### Work order
Any images in the material are to be dropped while every line is retyped exactly.

### The data
========

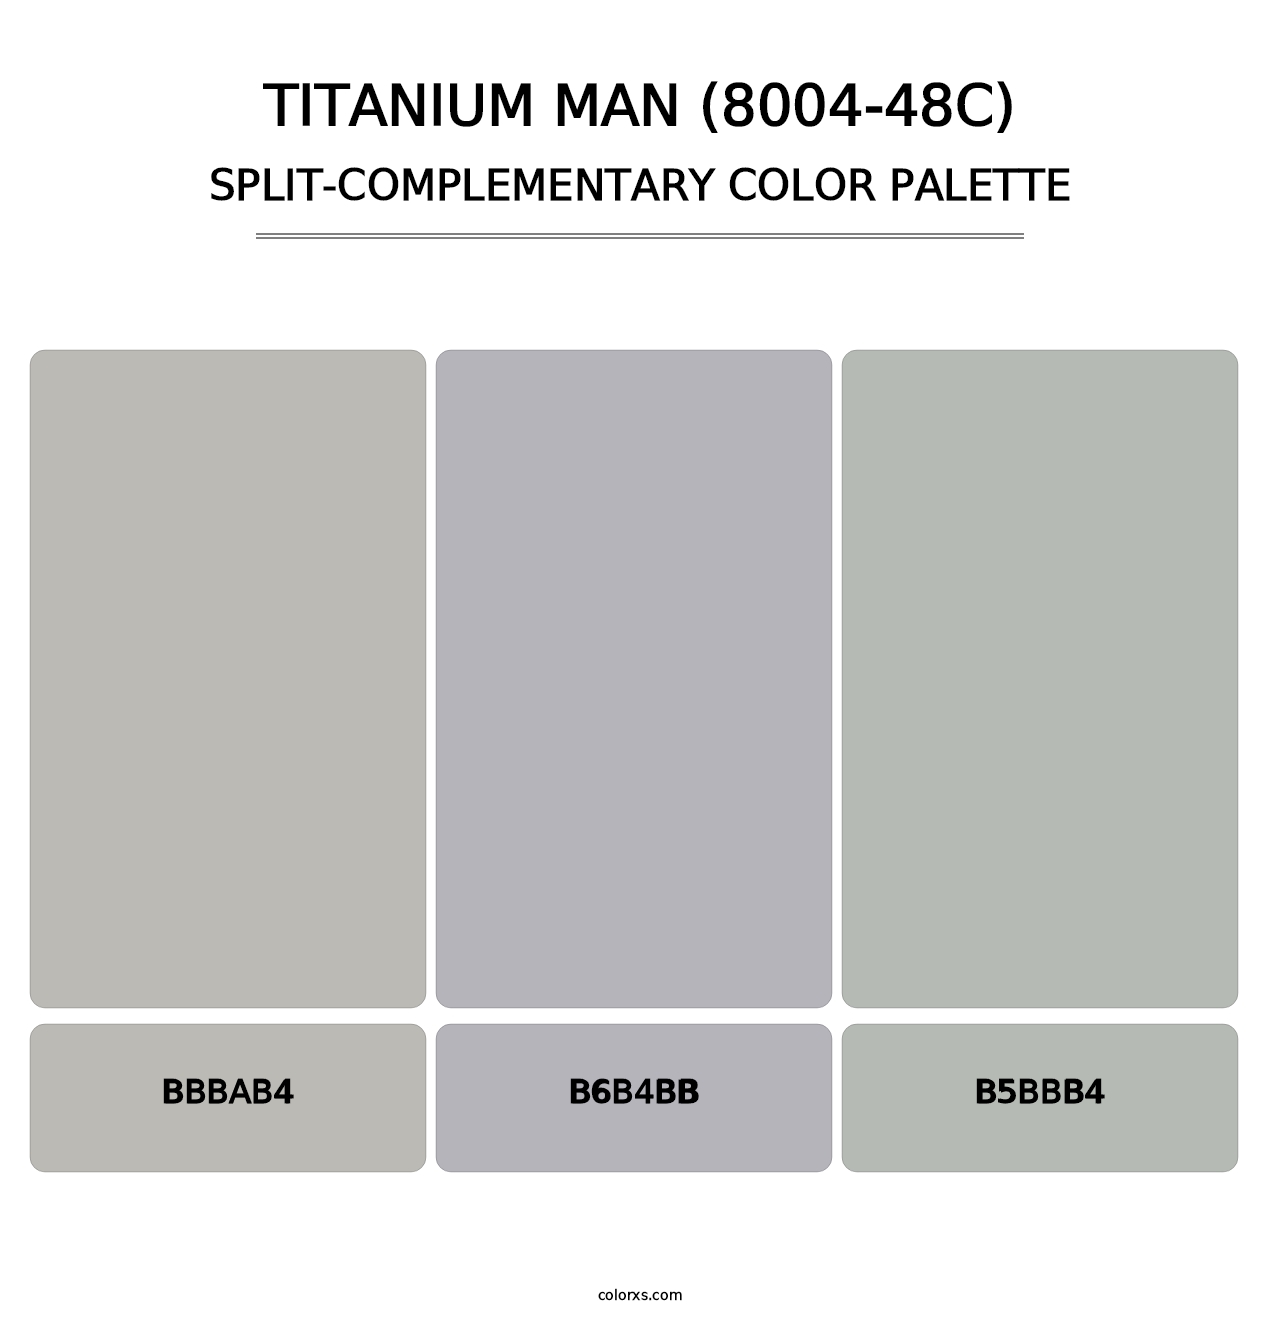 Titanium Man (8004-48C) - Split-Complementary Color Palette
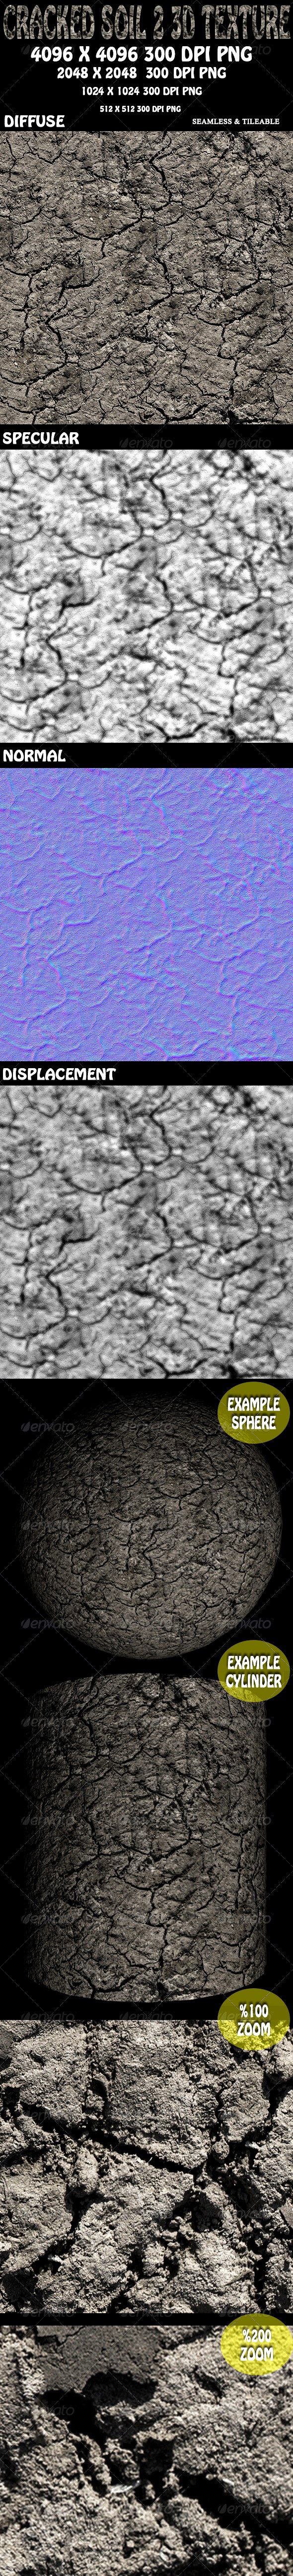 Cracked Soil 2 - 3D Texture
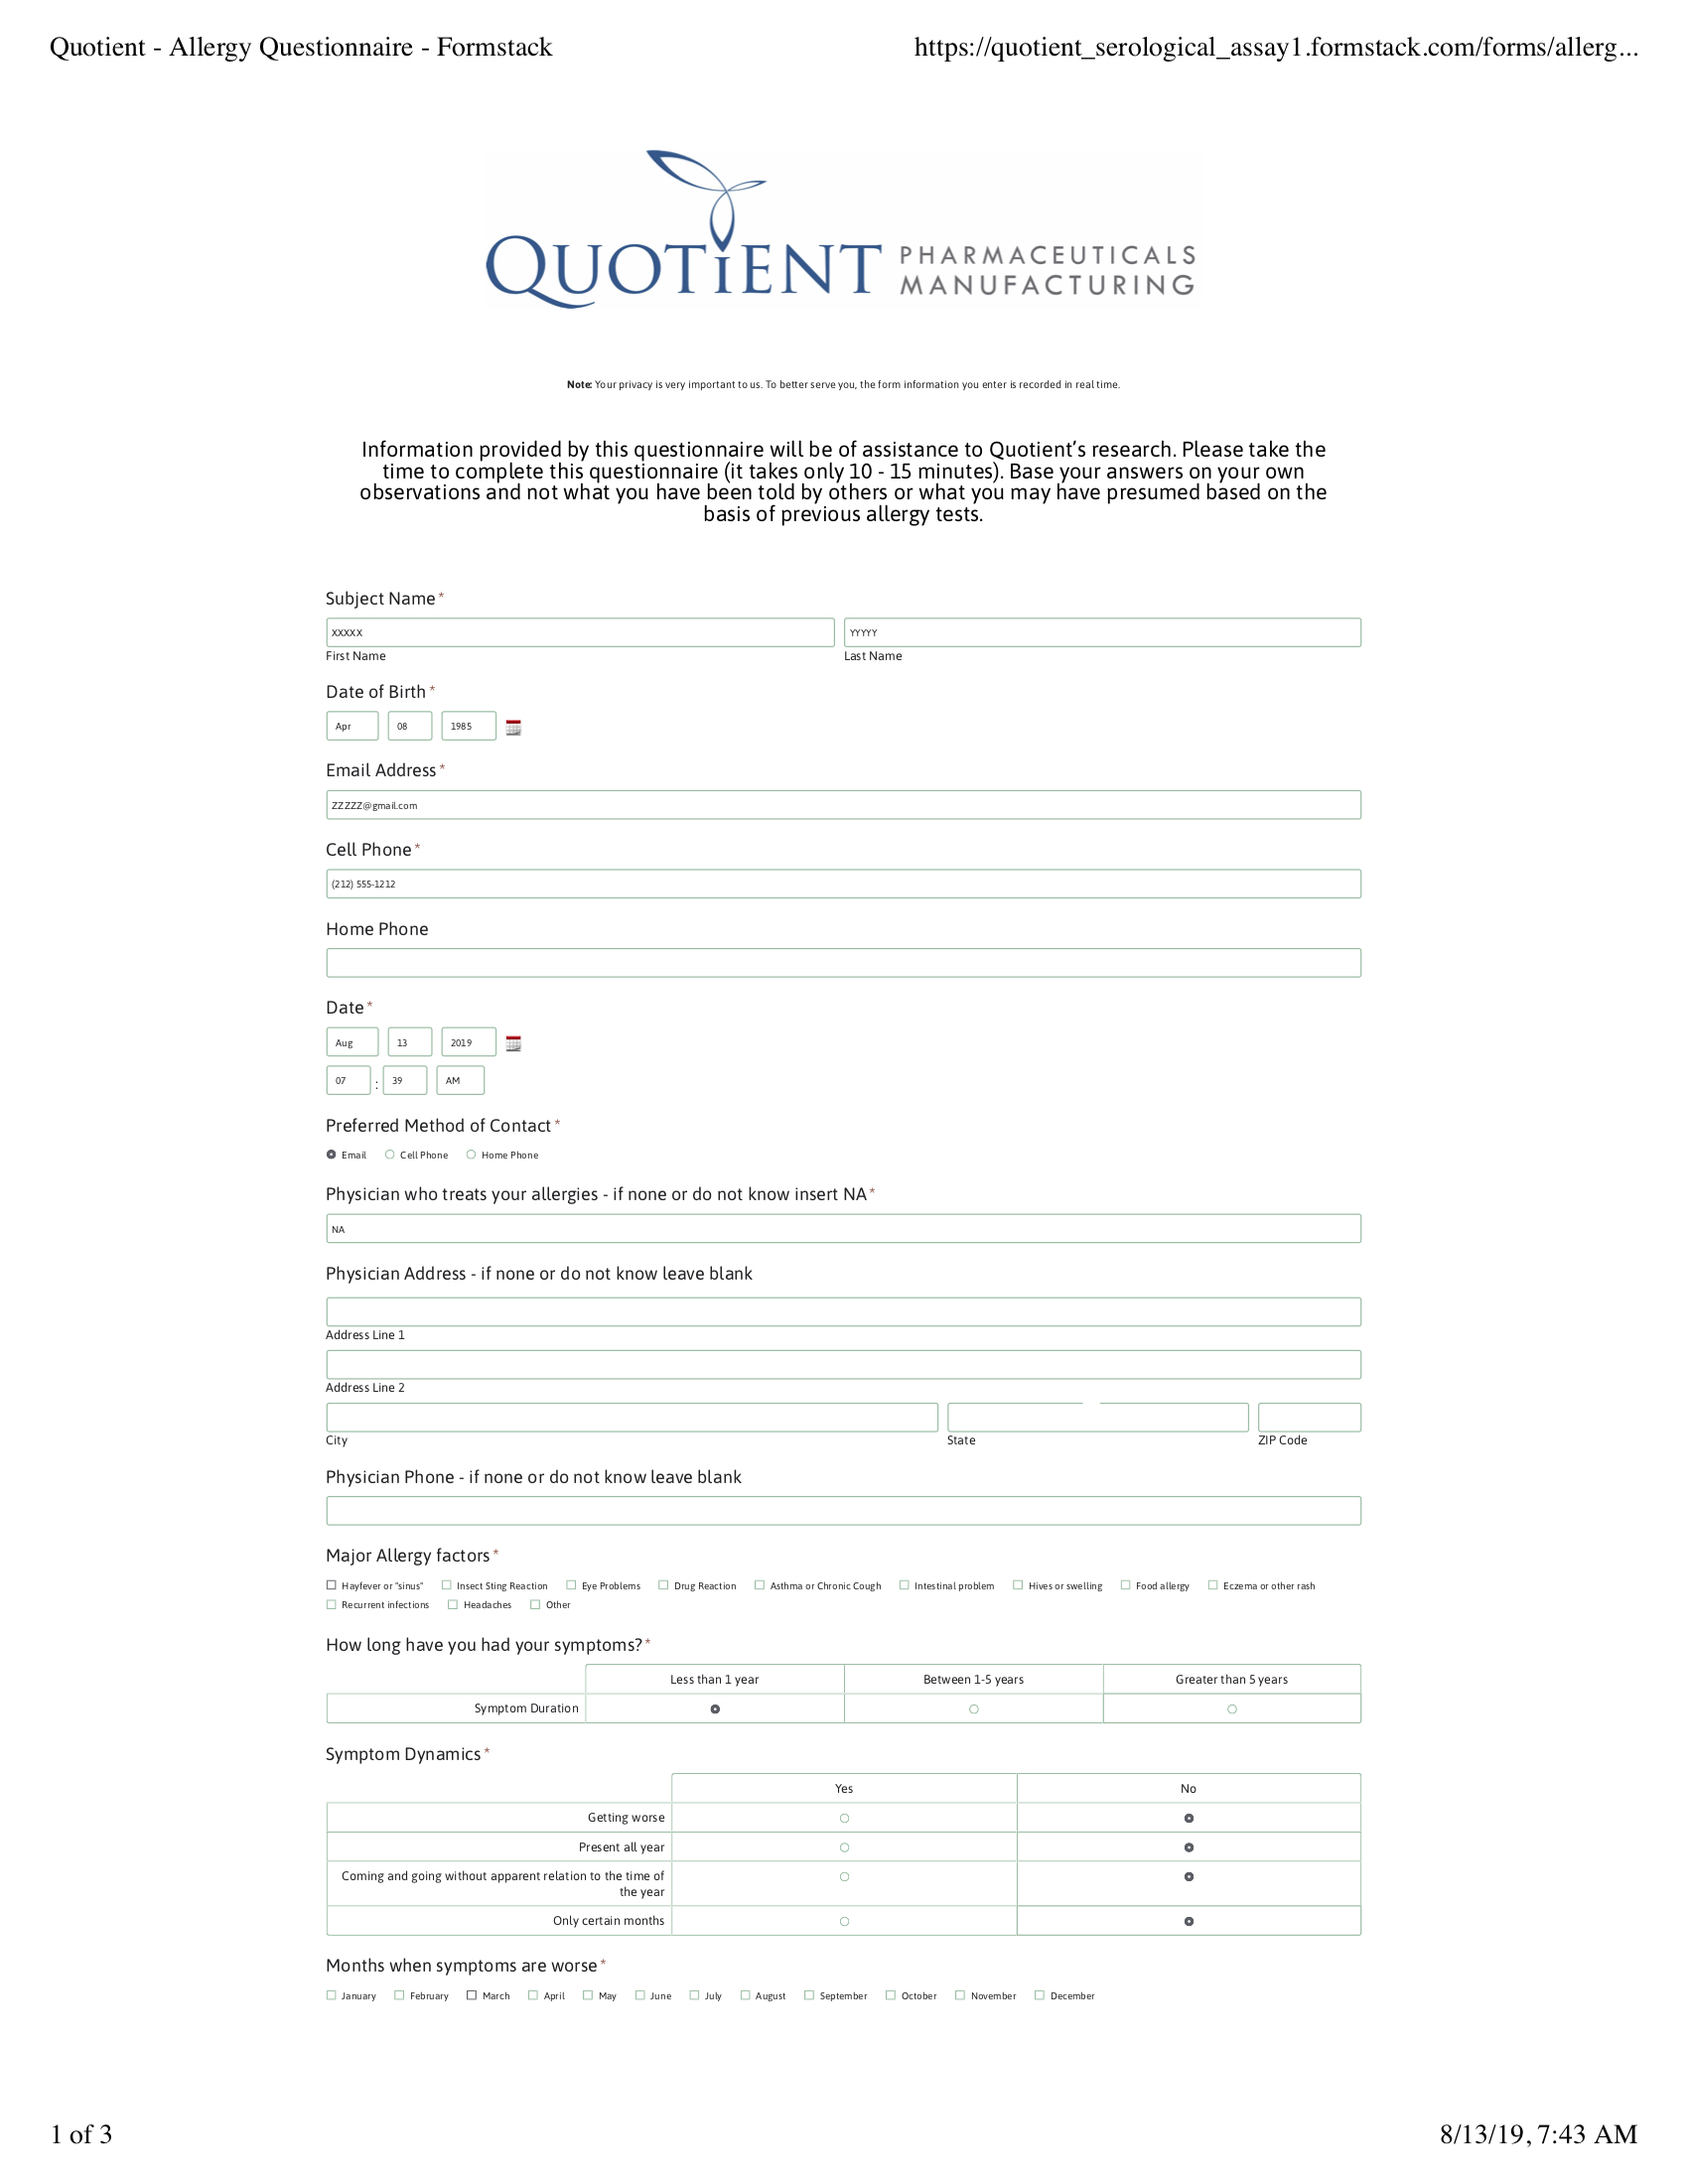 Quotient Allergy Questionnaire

========

### Your response
 Titanium Man (8004-48C) - Split-Complementary Color Palette
 Cracked Soil 2 - 3D Texture
 Quotient Allergy Questionnaire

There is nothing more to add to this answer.